U św. Jacka Agata Combik /GN – Część osób tu obecnych nie po raz pierwszy uczestniczy w takich warsztatach. Sporo ludzi należy do działających w okolicy chórów, starają się wciąż poszerzać swój repertuar – wyjaśnia Łukasz Panicz. – Dzięki warsztatom także i w przedszkolu czuć jakby powiew nowego ducha. Nasze panie z radością angażują się w przygotowania, choćby staranne wykonanie dekoracji. A i same korzystają z warsztatów. Przy niektórych pieśniach aż chciałoby się zatańczyć – mówi dyrektor placówki Bożena Panek.
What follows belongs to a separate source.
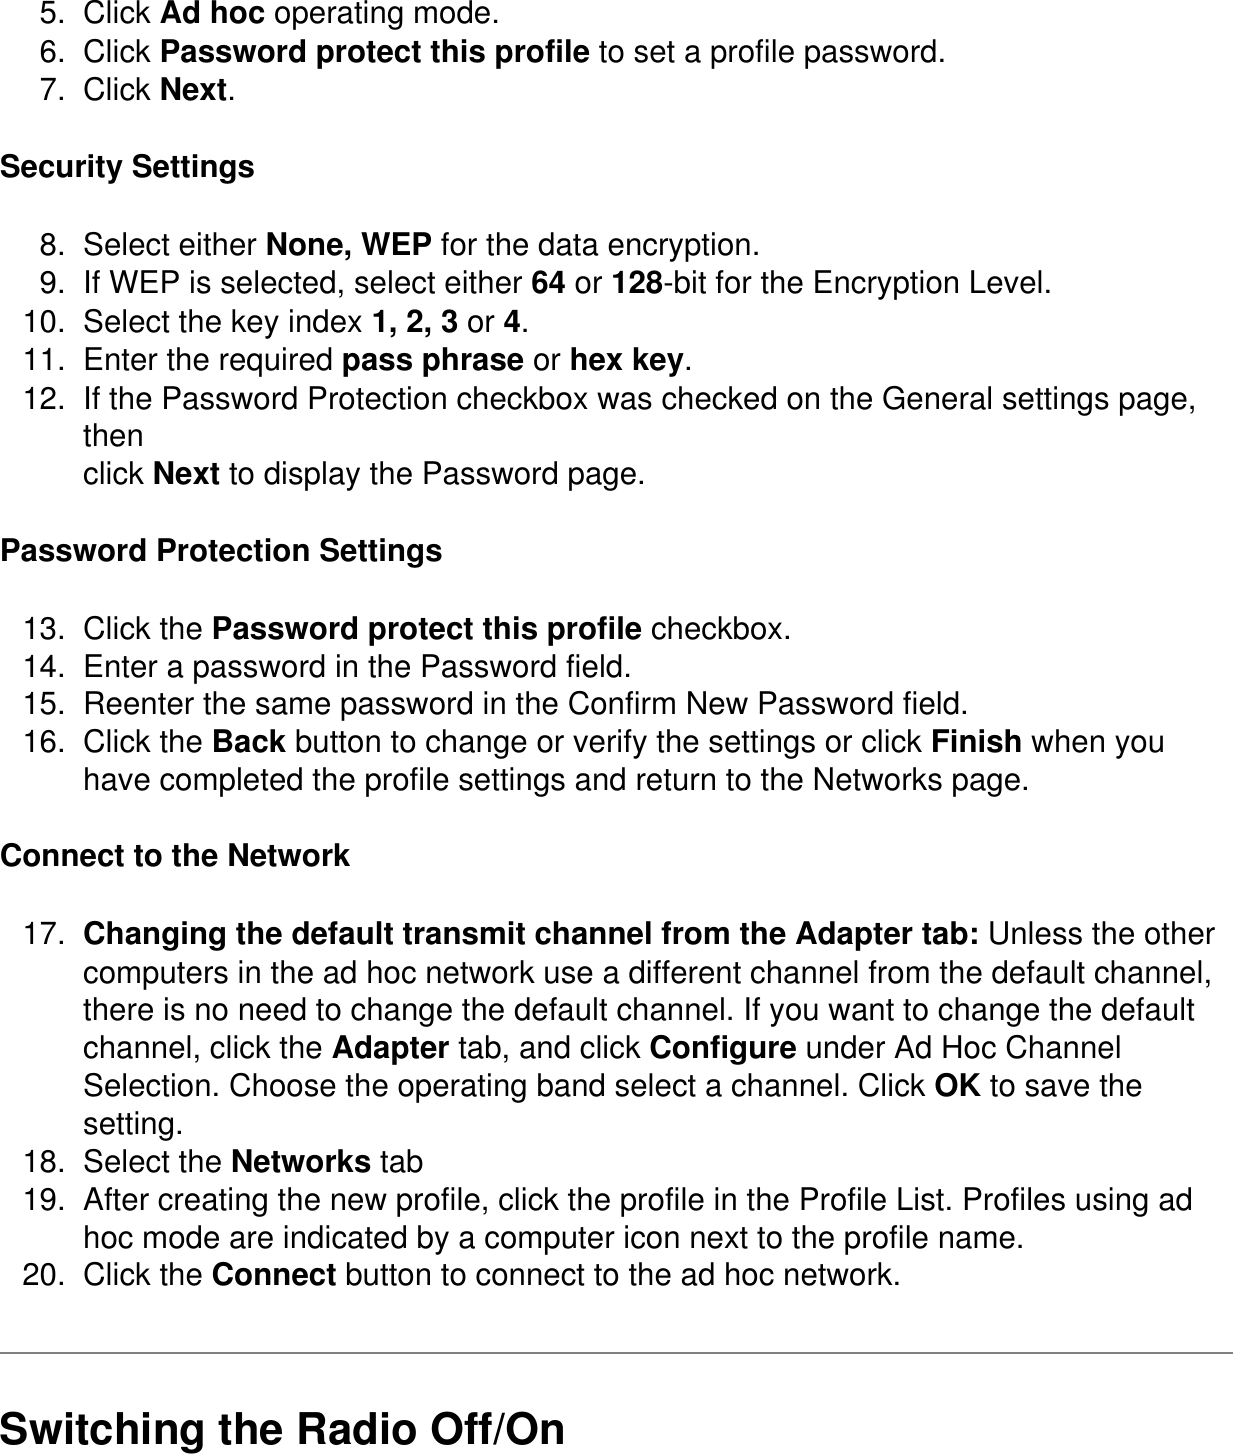 5.  Click Ad hoc operating mode.6.  Click Password protect this profile to set a profile password.7.  Click Next.Security Settings8.  Select either None, WEP for the data encryption.9.  If WEP is selected, select either 64 or 128-bit for the Encryption Level.10.  Select the key index 1, 2, 3 or 4.11.  Enter the required pass phrase or hex key.12.  If the Password Protection checkbox was checked on the General settings page, thenclick Next to display the Password page.Password Protection Settings13.  Click the Password protect this profile checkbox.14.  Enter a password in the Password field.15.  Reenter the same password in the Confirm New Password field.16.  Click the Back button to change or verify the settings or click Finish when you have completed the profile settings and return to the Networks page.Connect to the Network17.  Changing the default transmit channel from the Adapter tab: Unless the other computers in the ad hoc network use a different channel from the default channel, there is no need to change the default channel. If you want to change the default channel, click the Adapter tab, and click Configure under Ad Hoc Channel Selection. Choose the operating band select a channel. Click OK to save the setting.18.  Select the Networks tab19.  After creating the new profile, click the profile in the Profile List. Profiles using ad hoc mode are indicated by a computer icon next to the profile name.20.  Click the Connect button to connect to the ad hoc network.Switching the Radio Off/On

Nauce śpiewu towarzyszyły modlitwa i wyraziste świadectwa o tym, jak muzyka może wpływać na człowieka. Nie brakło adoracji Najświętszego Sakramentu, Koronki do Bożego Miłosierdzia. – Zdecydowanie nie chodzi tylko o naukę śpiewu, ale przede wszystkim naukę, jak tym śpiewem modlić się w kościele – podkreśla P. Pałka. – Widać, że w całej Polsce ludzie z potrzeby serca, pewnie pod wpływem Ducha Świętego, gromadzą się, by razem śpiewać, uczyć się śpiewu liturgicznego. Jest jakieś poruszenie w tym kierunku...
– Liturgia, zwłaszcza niedzielna, domaga się piękna, domaga się, by ludzie nie obawiali się śpiewu, by zrozumieli, że od każdego z nas zależy, jak celebracja będzie wyglądać – mówi H. Kowalski.